» **Task description**
Copy, word for word, the lines below from the one containing "BANG Pop Art" up to and including the one containing "Hydrant-Restoration", with pictures left out.

» **Stored data**
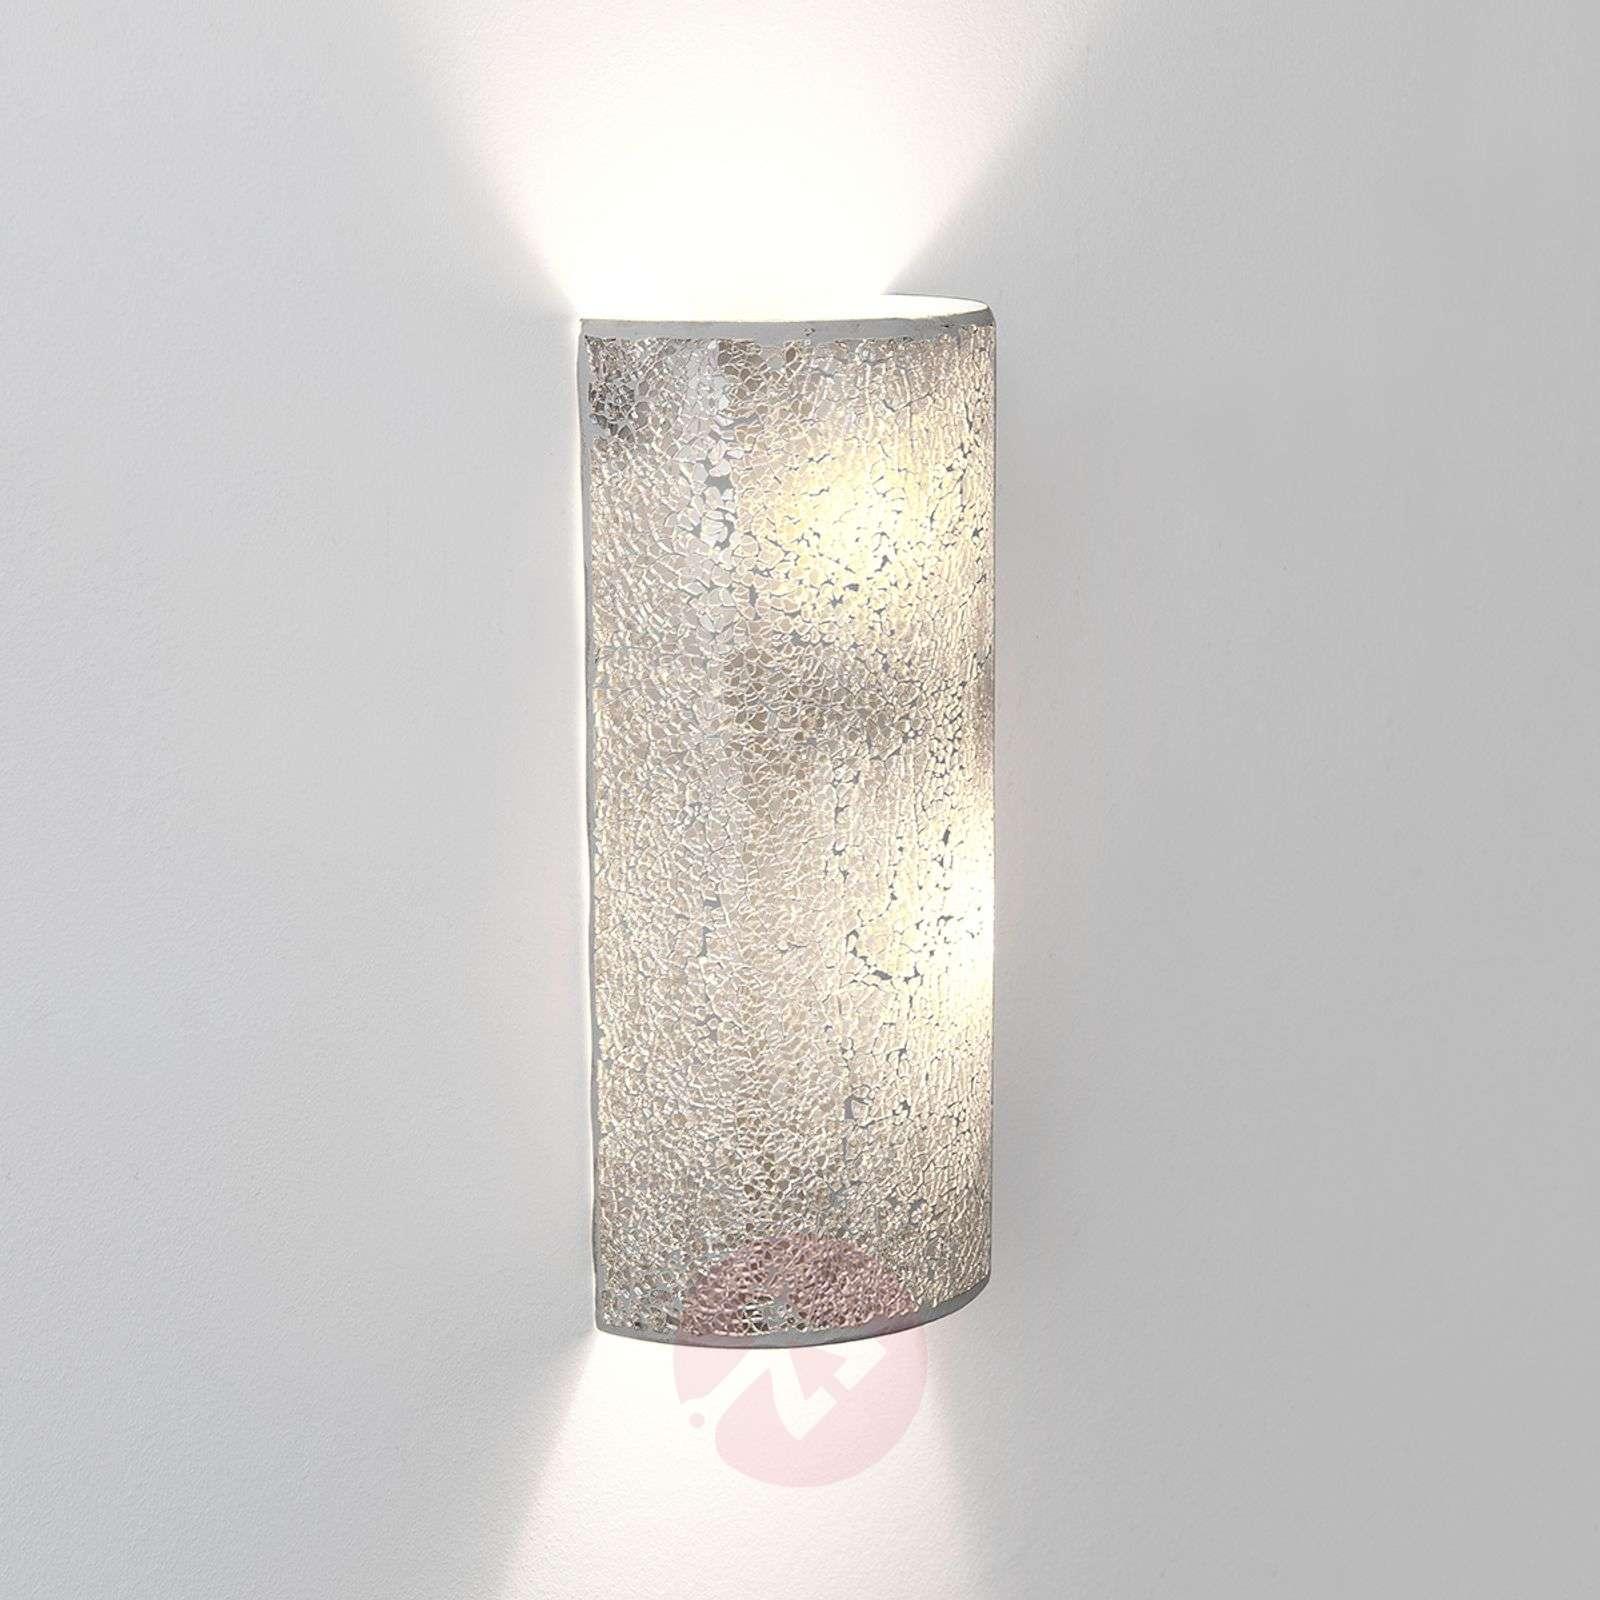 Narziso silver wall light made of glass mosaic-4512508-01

* * *

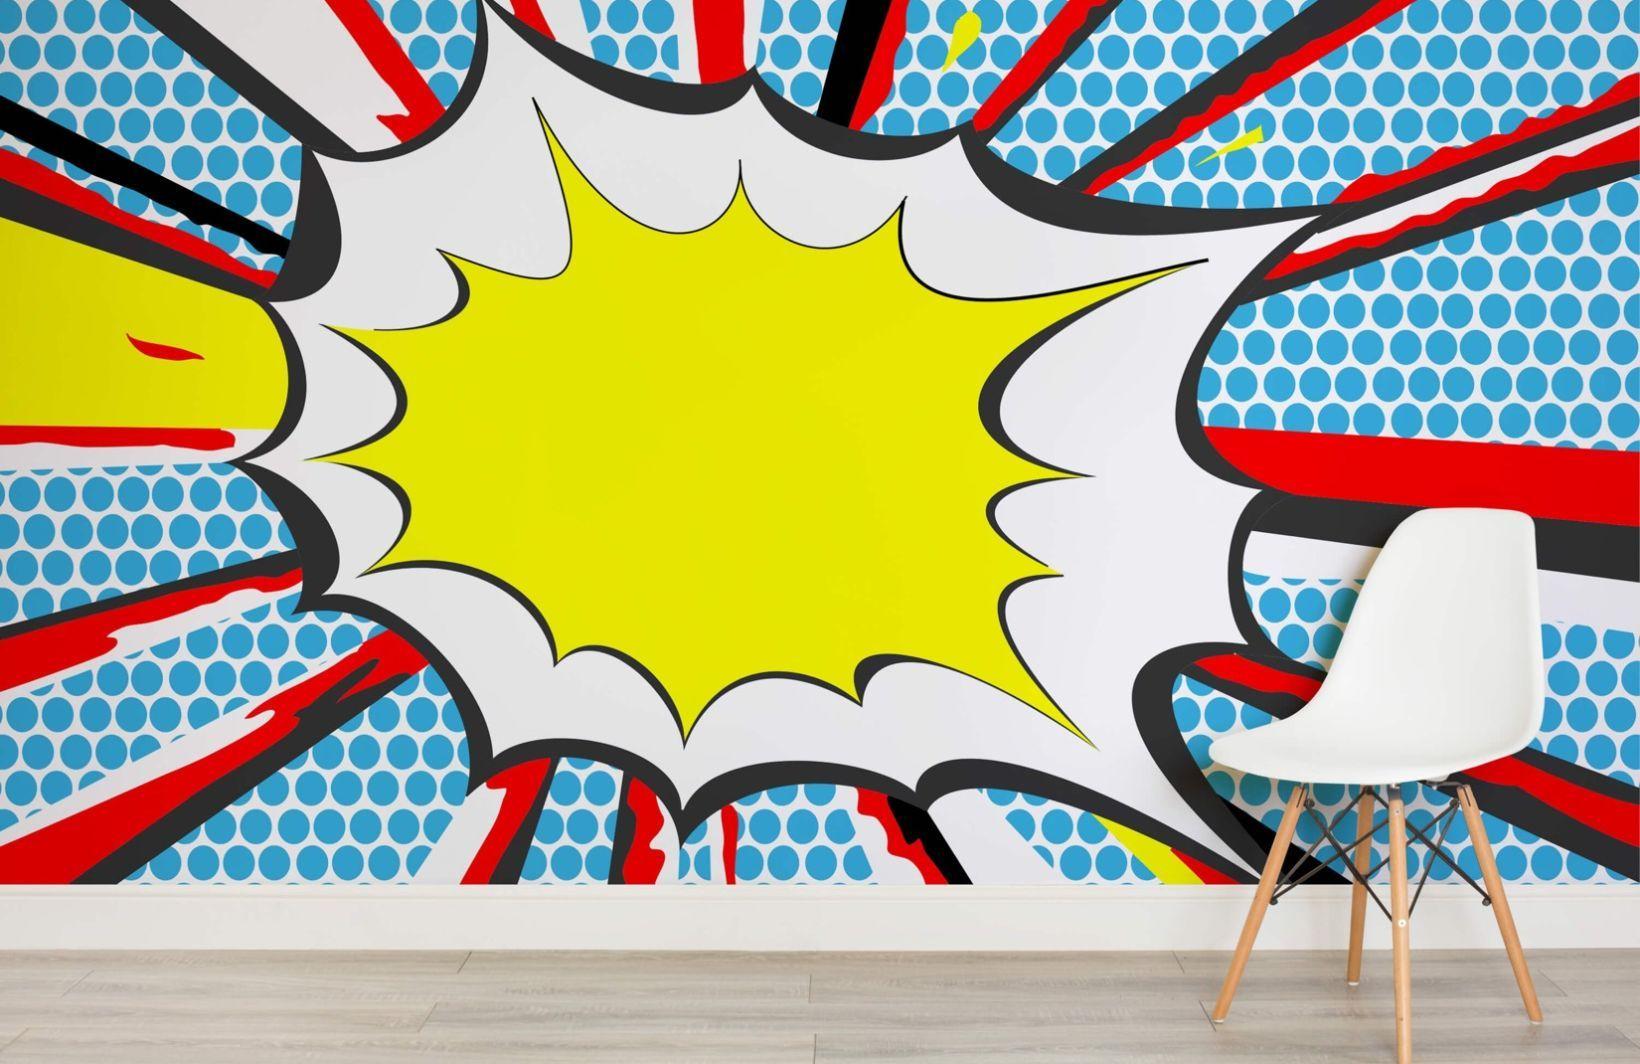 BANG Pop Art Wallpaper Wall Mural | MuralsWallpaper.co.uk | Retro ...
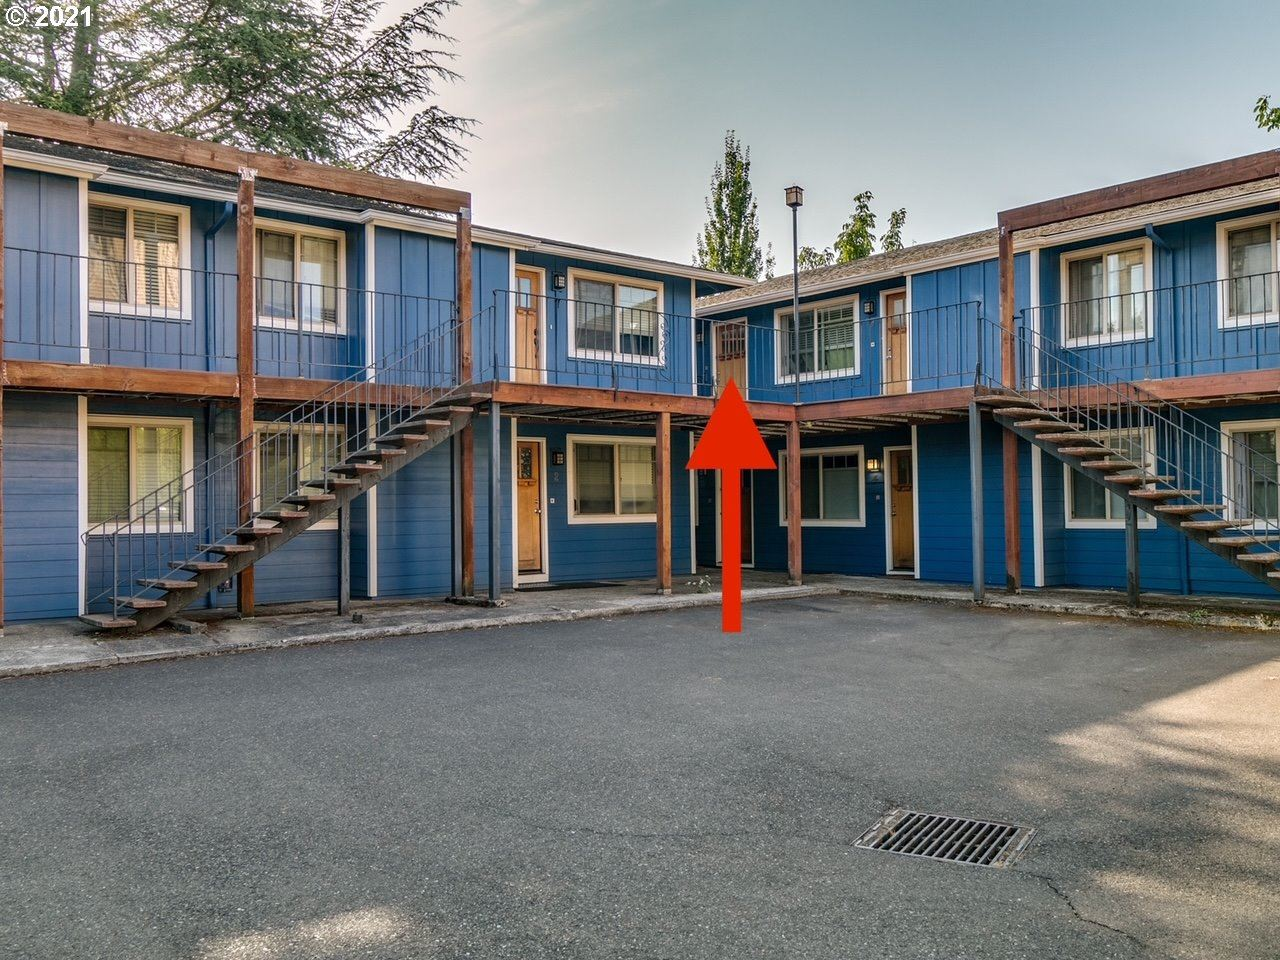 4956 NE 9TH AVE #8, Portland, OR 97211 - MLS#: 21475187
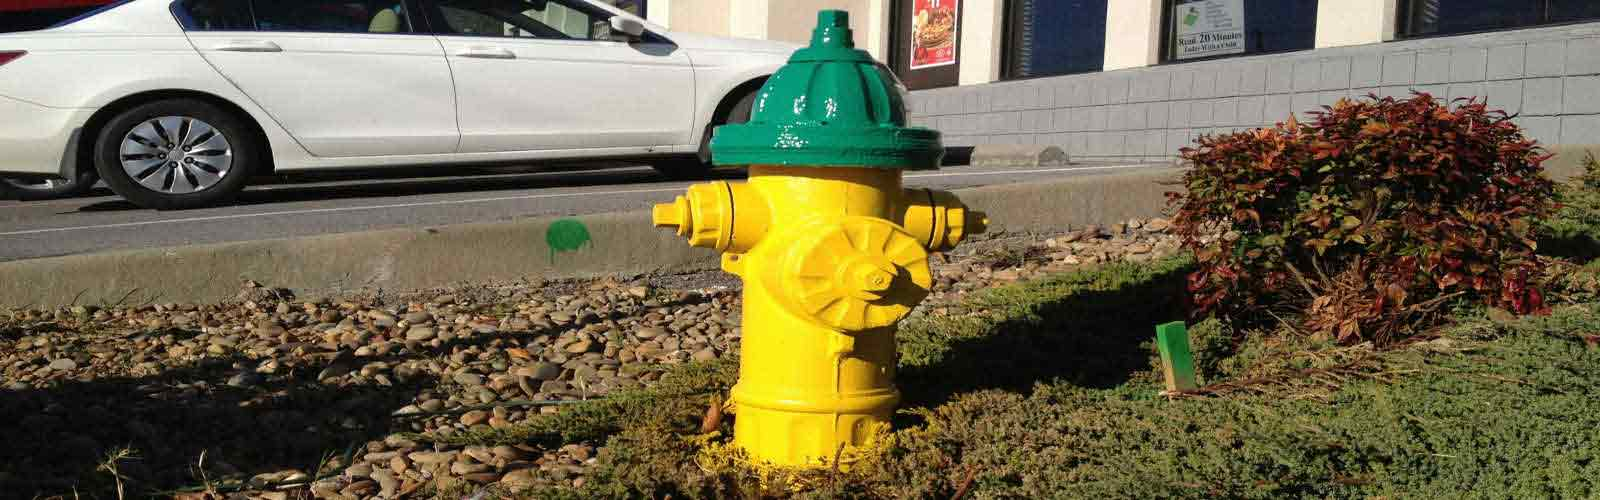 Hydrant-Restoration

» **Result for this task**
 BANG Pop Art Wallpaper Wall Mural | MuralsWallpaper.co.uk | Retro ...
 4956 NE 9TH AVE #8, Portland, OR 97211 - MLS#: 21475187
 Hydrant-Restoration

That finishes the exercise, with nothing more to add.